Выбрать главу

Отвечаю: “материалы” — в отделе звукозаписи Литературного музея. Что же до “задумок”, то я собираюсь нанести преемникам Шилова официальный визит уже в этом году и передам вопрос им самим.

После публикации “Канцоны” на диске “Голосов…”, а за пару лет до того — на малотиражной аудиокассете5 “ветер страны счастливой” пошел гулять по всемирной Сети. И вот, в подборке стихотворений живущего в США Дмитрия Бобышева “Звездоречь” (“Новый мир”, 2004, № 5) мы прочитали:

...Внезапно голос, вне его тела,

запел не о смерти, но о той,

что чайкой в сердце ему влетела

и, тоскуя, мучила красотой.

Незадолго перед концом и

как бы чуя, что всё — тщета,

эту рыцарскую канцону

на валик с воском он начитал.

Артикулировал, даже выл и:

“Мне душу вырвали” — он горевал.

Между Ржевкой и Пороховыми

вырыт ров и накопан вал…

Помню, я успел рассказать Шилову об этом стихотворении, благо обычно стихи готовятся в печать задолго до того, как в нее сдаются. Он был рад и грустно-шутливо посетовал, что Сергей Игнатьевич Бернштейн не дожил “до поэтизации” своей работы в Институте Живого слова. Где, кстати, и сам Гумилев тоже преподавал.

…Они договорились с профессором о записи во время “трудовой повинности” — совместной уборки снега на Знаменской улице. Институт Живого слова уже два года как успешно функционировал и даже — все в том же в голодном Петрограде — сумел выпустить том “Ученых записок”. 11 февраля 1920 года в созданном Бернштейном “Кабинете изучения художественной речи” Гумилев начитал на фонограф стихи из трех своих последних — по времени выхода — книг: “Колчана”, “Костра” и “Фарфорового павильона”. Ну а поскольку он придавал огромное значение, о чем не раз говорил слушателям на своих занятиях, звучащей стороне и чужого, и своего стиха (“Я говорю и думаю ритмически”), то они с Бернштейном тут же договорились продолжить работу. На слова Бернштейна о том, как он рад, что на валиках записано чтение таких разных произведений, как “Китайская девушка”, “Осень”, “Канцоны” и фрагмент из “Мика”, Гумилев заметил, что и проза его наиболее адекватно может быть воспринята слушателем только в авторском исполнении.

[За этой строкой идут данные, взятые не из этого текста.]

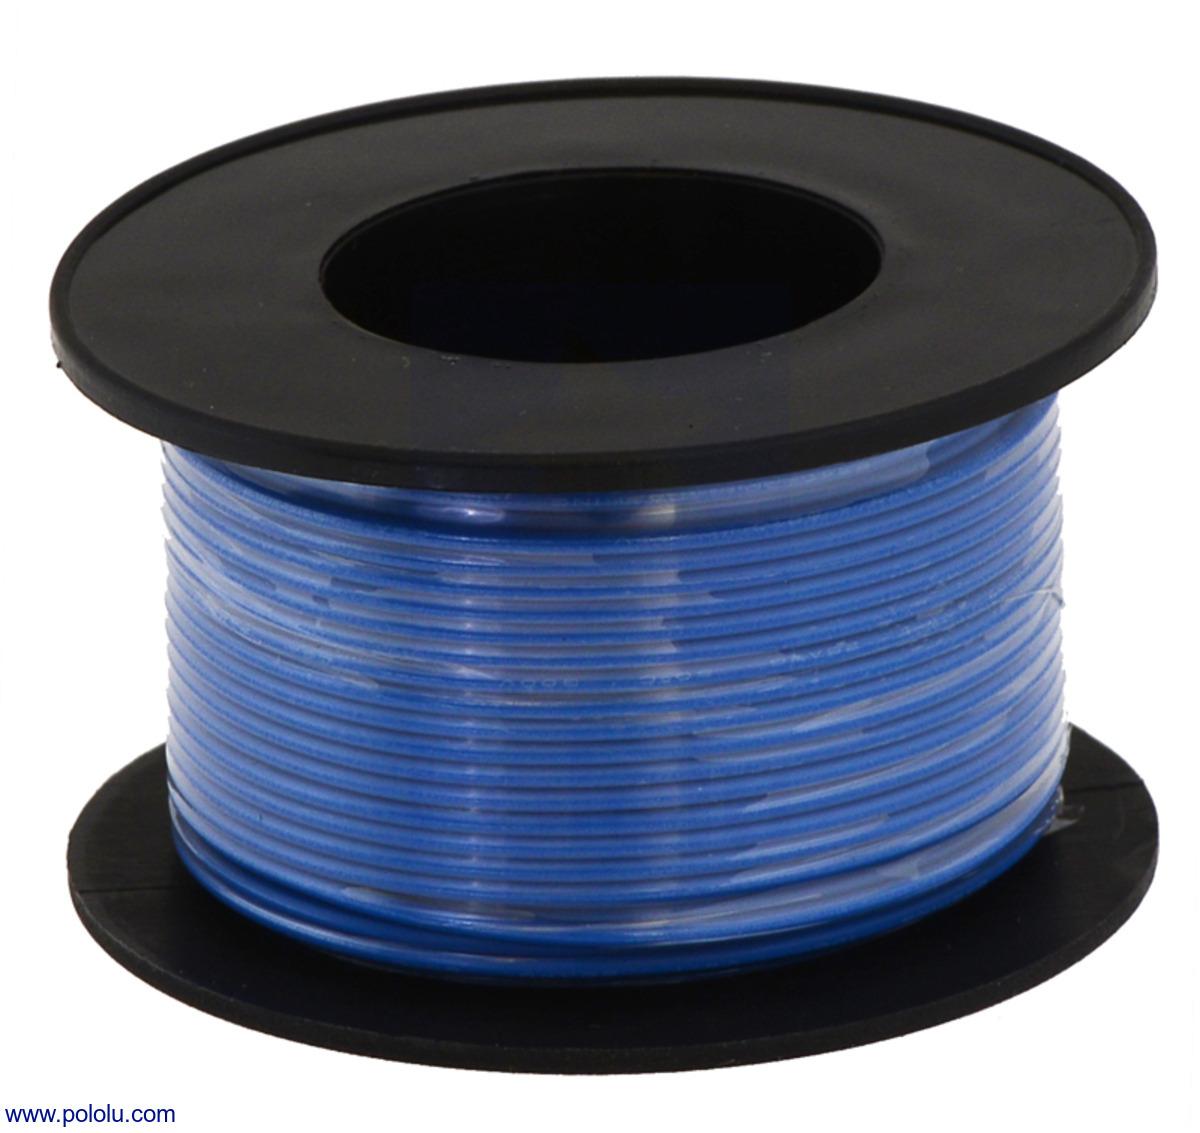 Pololu - Stranded Wire: Blue, 24 AWG, 60 Feet

Словом, пообещав записать на валики и прозу, а также привести на запись жену, с которой он, впрочем, уже два года как был в разводе, Гумилев ушел заседать в редколлегиях и вести занятия в студиях. Только в конце апреля они с Ахматовой посетили лабораторию, и Гумилев прочитал Бернштейну отрывок из “Золотого рыцаря” и “Эзбекие”:

Я женщиною был тогда измучен,

И ни соленый, свежий ветер моря,

Ни грохот экзотических базаров —

Ничто меня утешить не могло,

О смерти я тогда молился Богу

И сам ее приблизить был готов…

Весной 1908 года Гумилев по дороге из Парижа заезжал в Киев, где, уже не в первый раз, безуспешно предлагал Ахматовой замужество. Потом они коротко виделись в Царском, потом Гумилев опять был в Киеве — теперь уже по дороге в Египет. В знаменитом каирском саду Эзбекие, измученный неразделенной любовью, он в последний раз пытается покончить с собой — и… навсегда прощается с подобными помыслами. Вера Лукницкая пишет, что, судя по рассказам Ахматовой, именно та поездка в Египет навсегда сняла опасность самоубийства6. Одним словом, сад Эзбекие так сильно впечатался в сознание Гумилева, что и через десять лет он вернулся в него, заново переживая те чувства, те мысли.

Да, только десять лет, но, хмурый странник,

Я снова должен ехать, должен видеть

Моря, и тучи, и чужие лица,

Все, что меня уже не обольщает,

Войти в тот сад и повторить обет

Или сказать, что я его исполнил

И что теперь свободен…

“Эзбекие” закрывал собою сборник “Костер”; в шиловском альманахе это стихотворение — последняя, десятая (или — двенадцатая, если считать разбивку на две канцоны и разные фрагменты пьесы “Дитя Аллаха”) запись голоса Николая Гумилева.

Примечательно, что в нескольких жизнеописаниях Гумилева, а таких описаний и хроник выпущено за последние пятнадцать лет достаточно, мне не встретилось и упоминания о работе поэта с Бернштейном в феврале и апреле 1920 года7. Видимо, к таким вещам относились как к чему-то уж совсем проходному. Или попросту не знали о них. Получается, если бы Бернштейн не делился с Шиловым воспоминаниями и записями из рабочего дневника, мы также не знали бы об этих датах и этих сеансах.